##### RECORDS PROVIDED

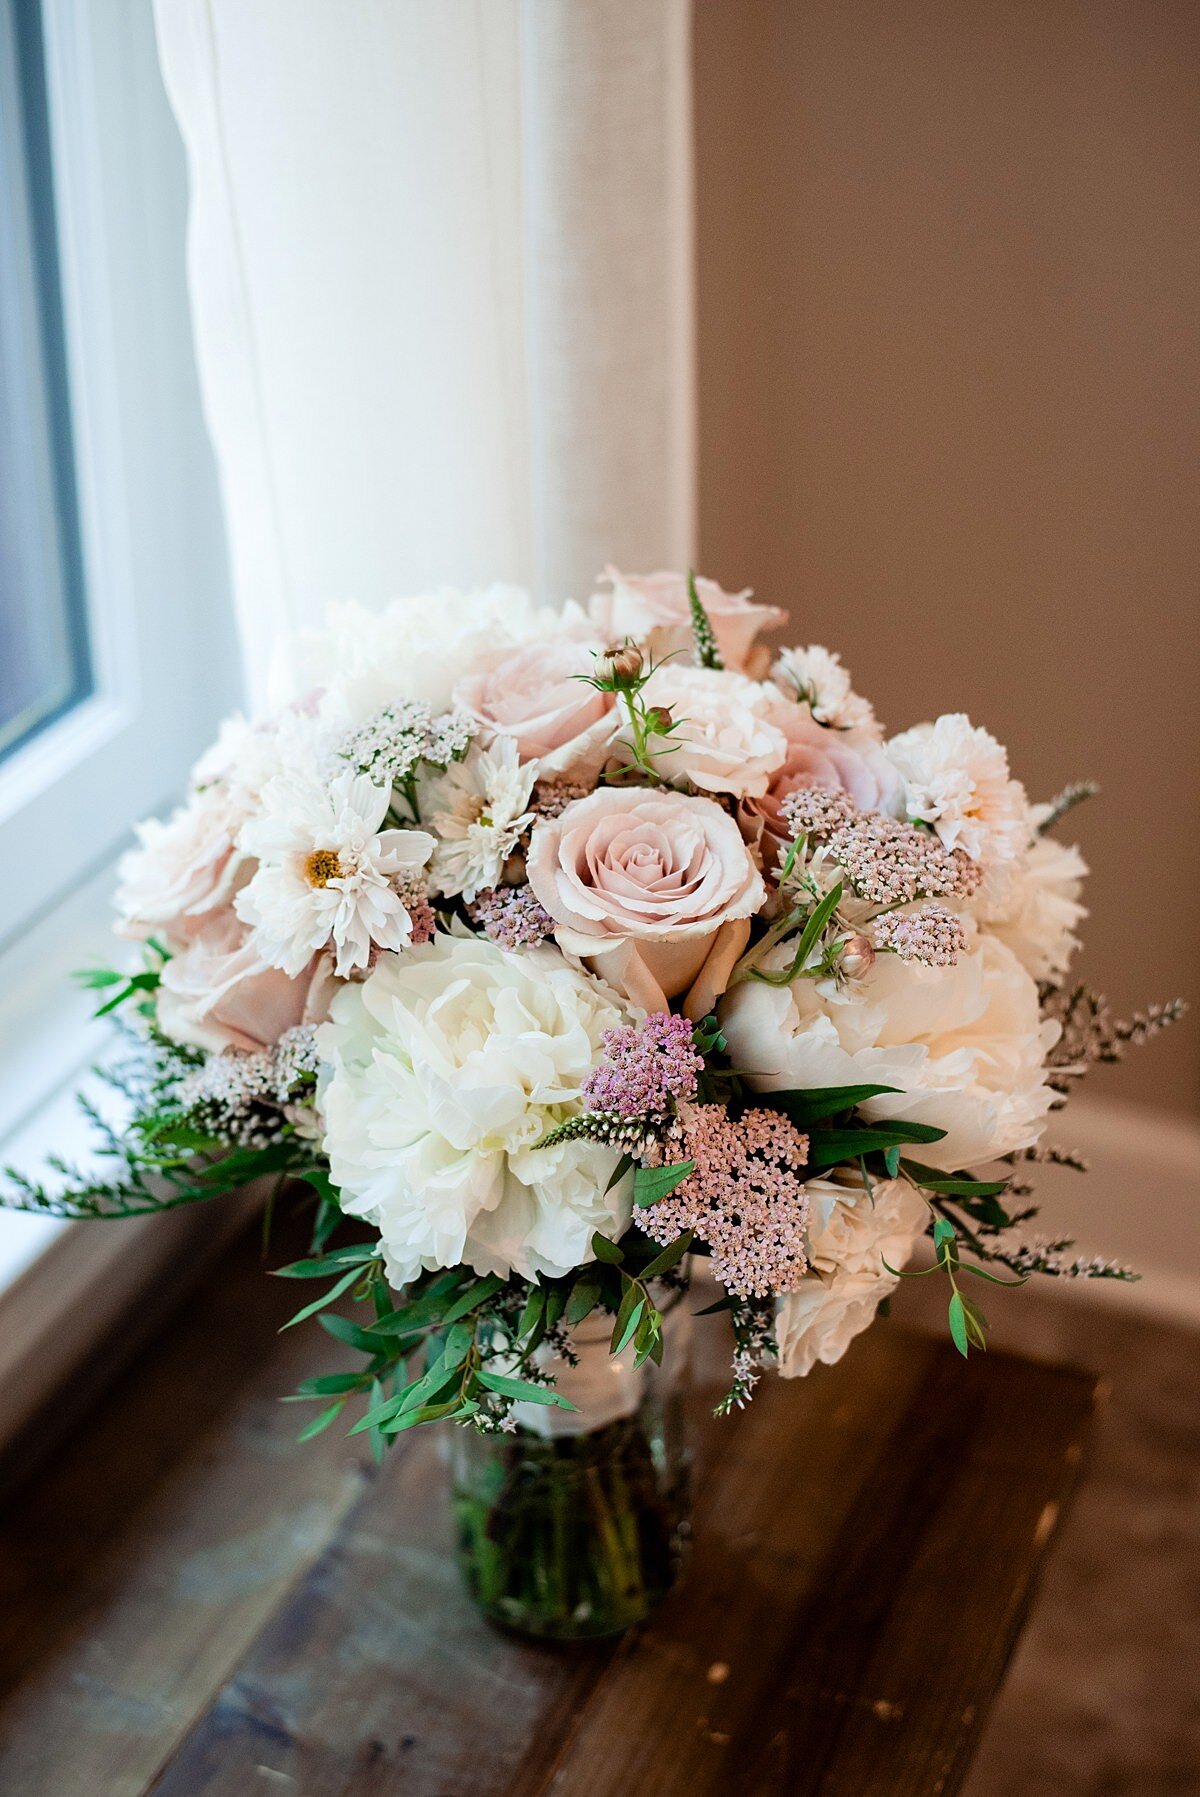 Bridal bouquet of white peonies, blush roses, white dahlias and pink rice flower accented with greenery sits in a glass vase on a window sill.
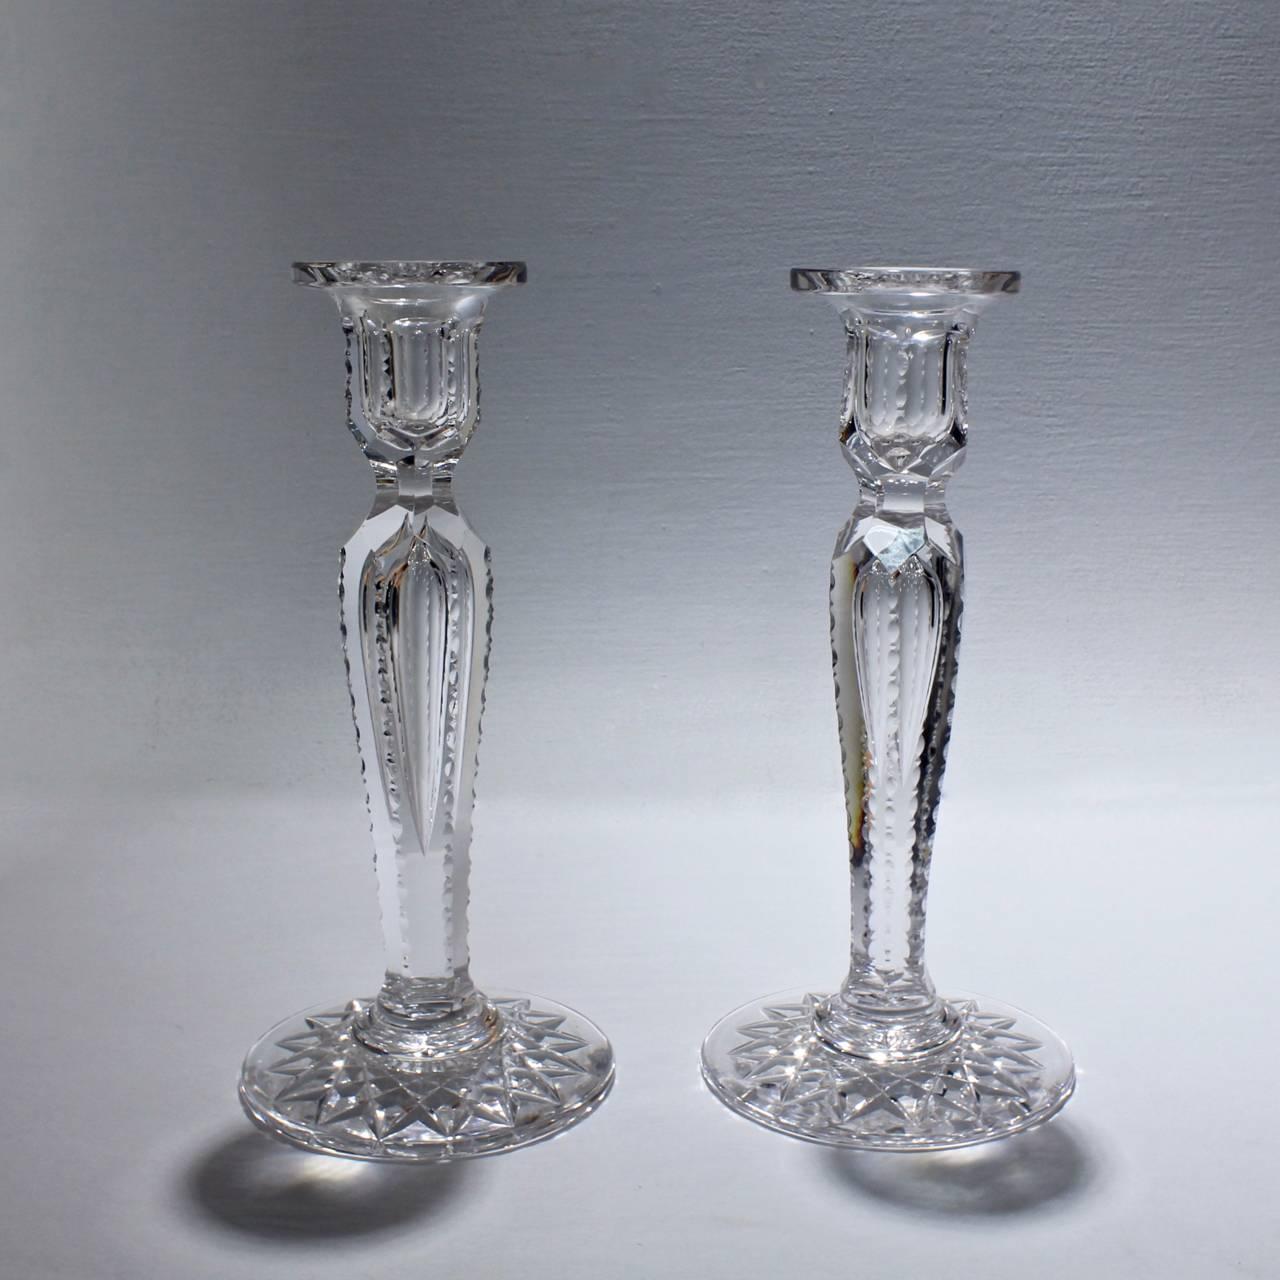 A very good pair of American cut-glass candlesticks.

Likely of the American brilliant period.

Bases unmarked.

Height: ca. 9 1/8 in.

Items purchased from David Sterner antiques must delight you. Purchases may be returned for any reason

##########
##### RECORDS PROVIDED

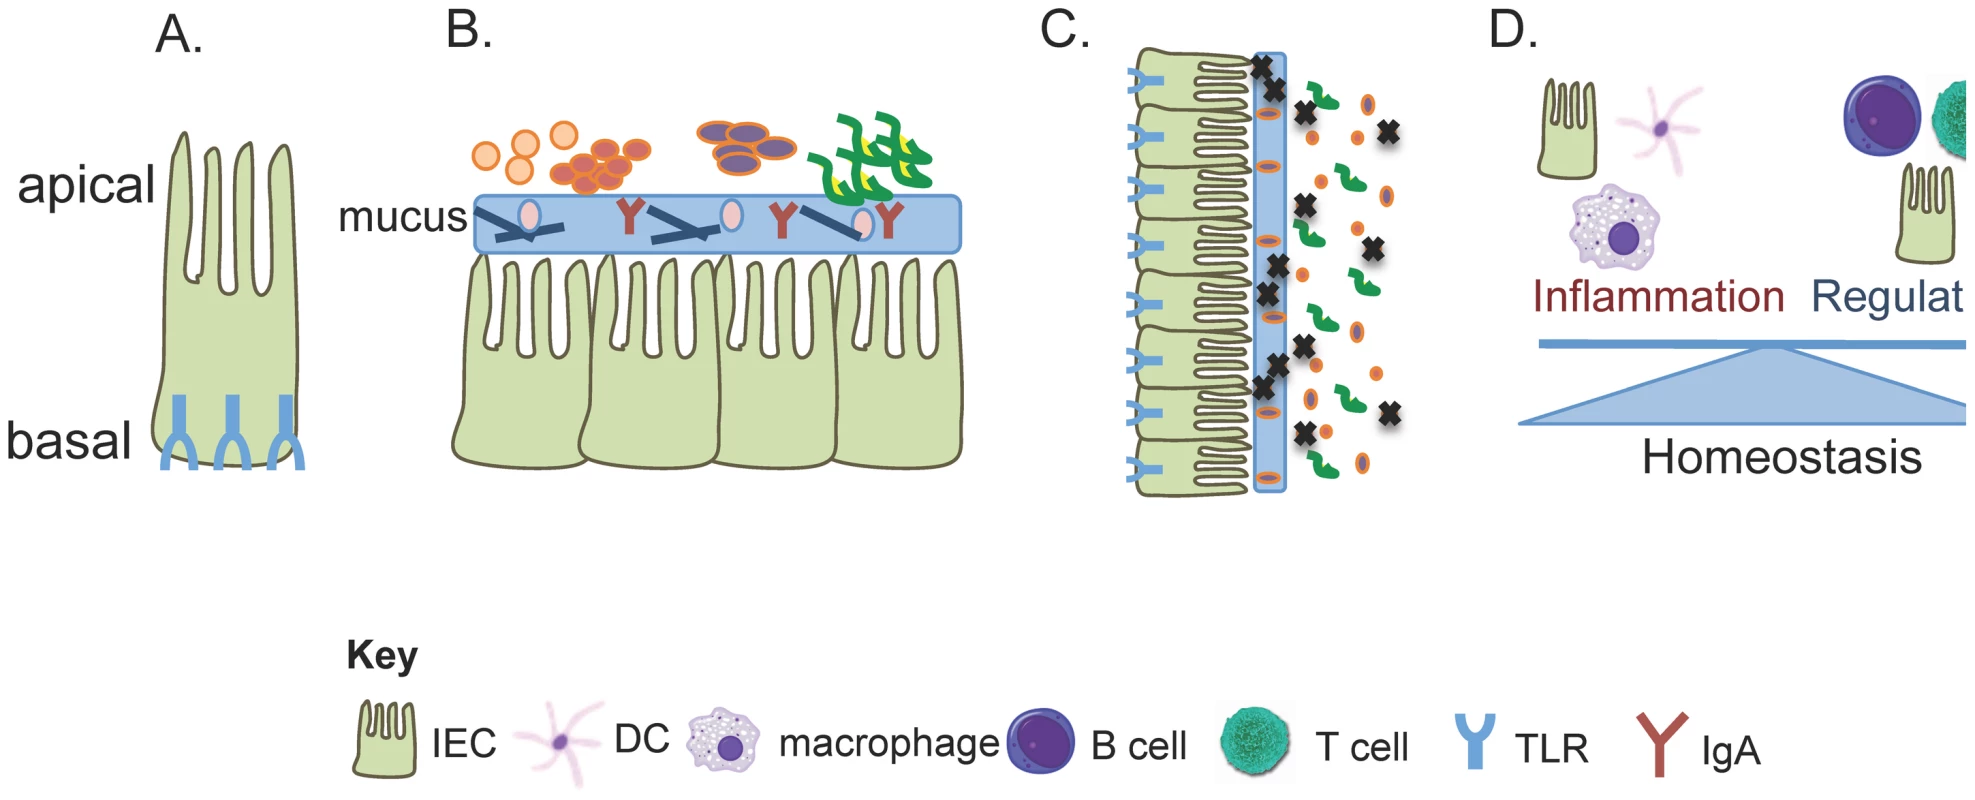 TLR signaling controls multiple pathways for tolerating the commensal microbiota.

##########

> _ACTIVITY_: Write down, word for word, the lines above from the one containing "Height: ca. 9 1/8 in." through the one containing "Items purchased from", both ends included.

> _SOLUTION TO THIS TASK_:
Height: ca. 9 1/8 in.

Items purchased from David Sterner antiques must delight you. Purchases may be returned for any reason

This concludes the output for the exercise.